Why use SSO for your organization?

With SSO enabled for your Quire organization:

  • Members log in using their company identity provider
  • No separate Quire password is required
  • Authentication is centralized and more secure
  • Login management is simplified for IT administrators


Quire supports SAML 2.0 authentication and works with:

  • Okta
  • OneLogin
  • Azure AD B2C
  • Any IdP that supports SAML 2.0


Once SSO is enabled, organization members will log in via the IdP instead of using a Quire password.

Configure Identity Provider (IdP)

How do I configure my Identity Provider for Quire SSO?

Before enabling SSO in Quire, you must first configure your Identity Provider.

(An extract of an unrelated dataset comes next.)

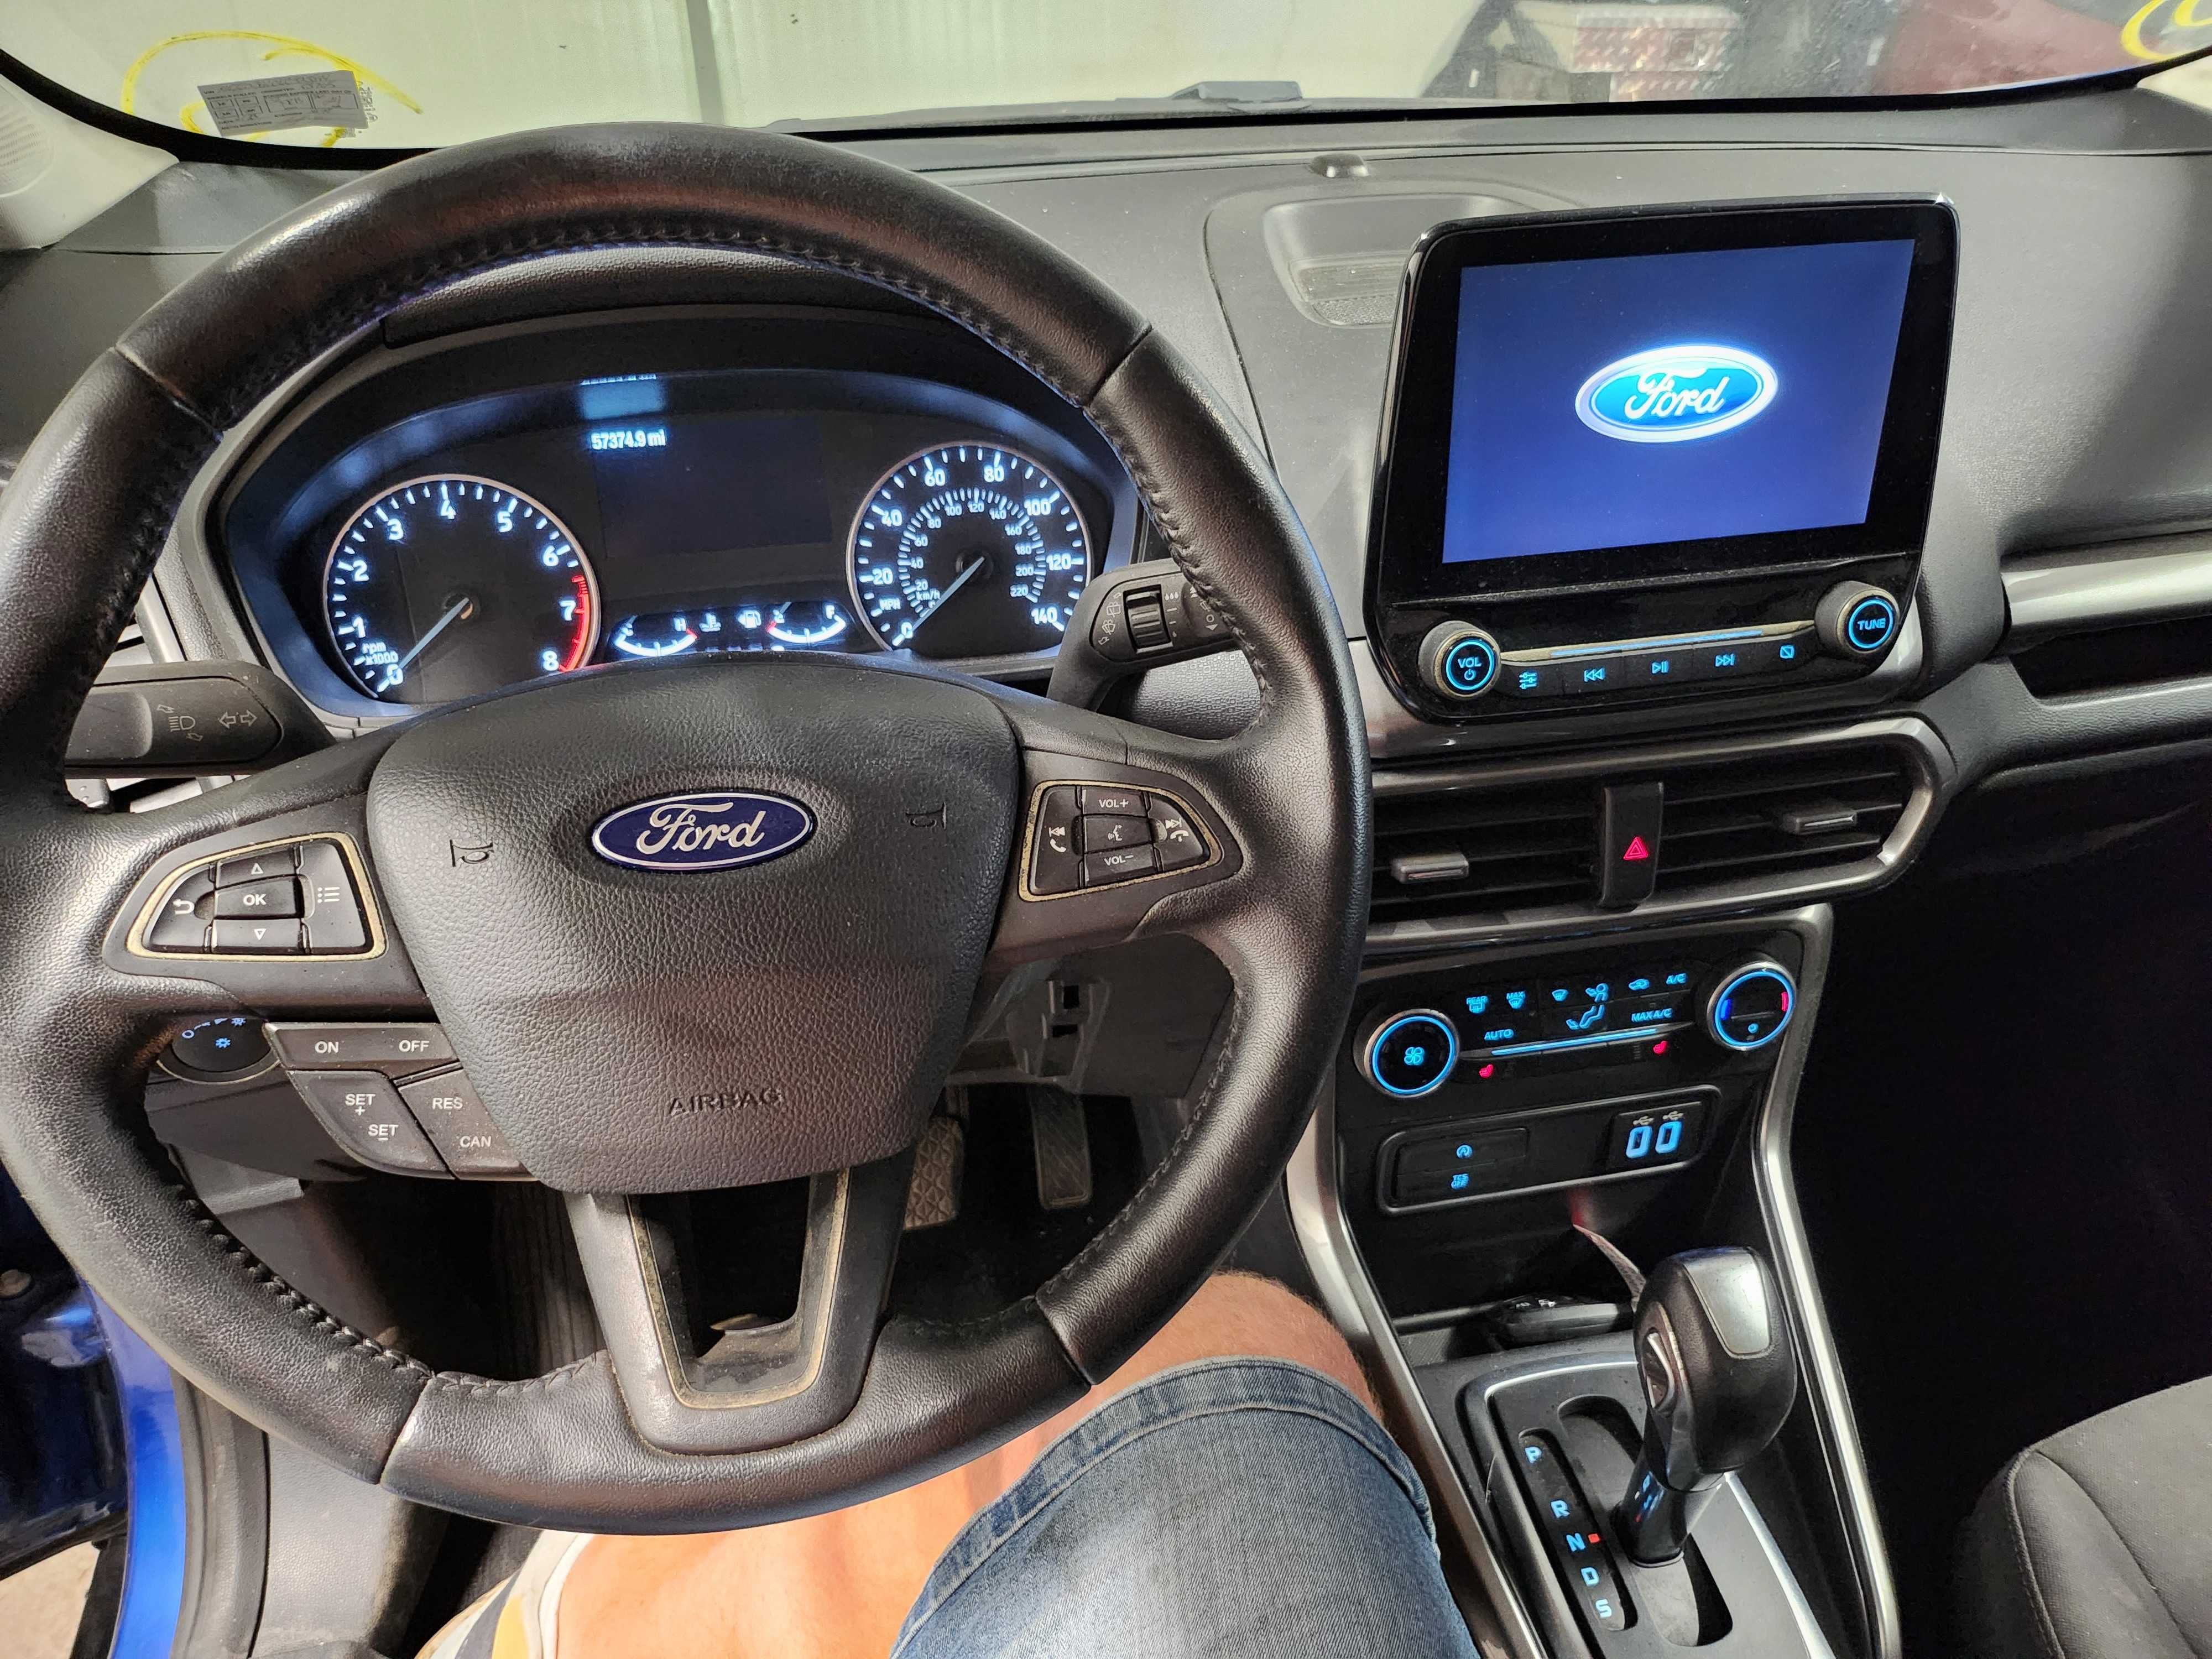 Ford EcoSport, 2,0, 4X4, 166KM + 2020+Okazja

Step 1: Create a SAML 2.0 Application

  1. Log in to your Identity Provider admin console.
  2. Create a new SAML 2.0 application.
  3. Enter the following SAML configuration details:
SAML Attribute Map to your identity provider
https://quire.io/sso/login SAML Assertion Consumer Service (ACS) URL for the application
https://quire.io/sso/metadata SP Entity ID of the application
Member’s email address Name ID format

Step 2: Collect Required SAML Details

After creating the application, copy the following information:

  • Identity Provider URL
  • Entity ID
  • Base64 X.509 Certificate

Step 3: Assign Users in Your Identity Provider

  1. Add users or groups to the newly created Quire SAML application.
  2. Ensure proper access permissions are assigned.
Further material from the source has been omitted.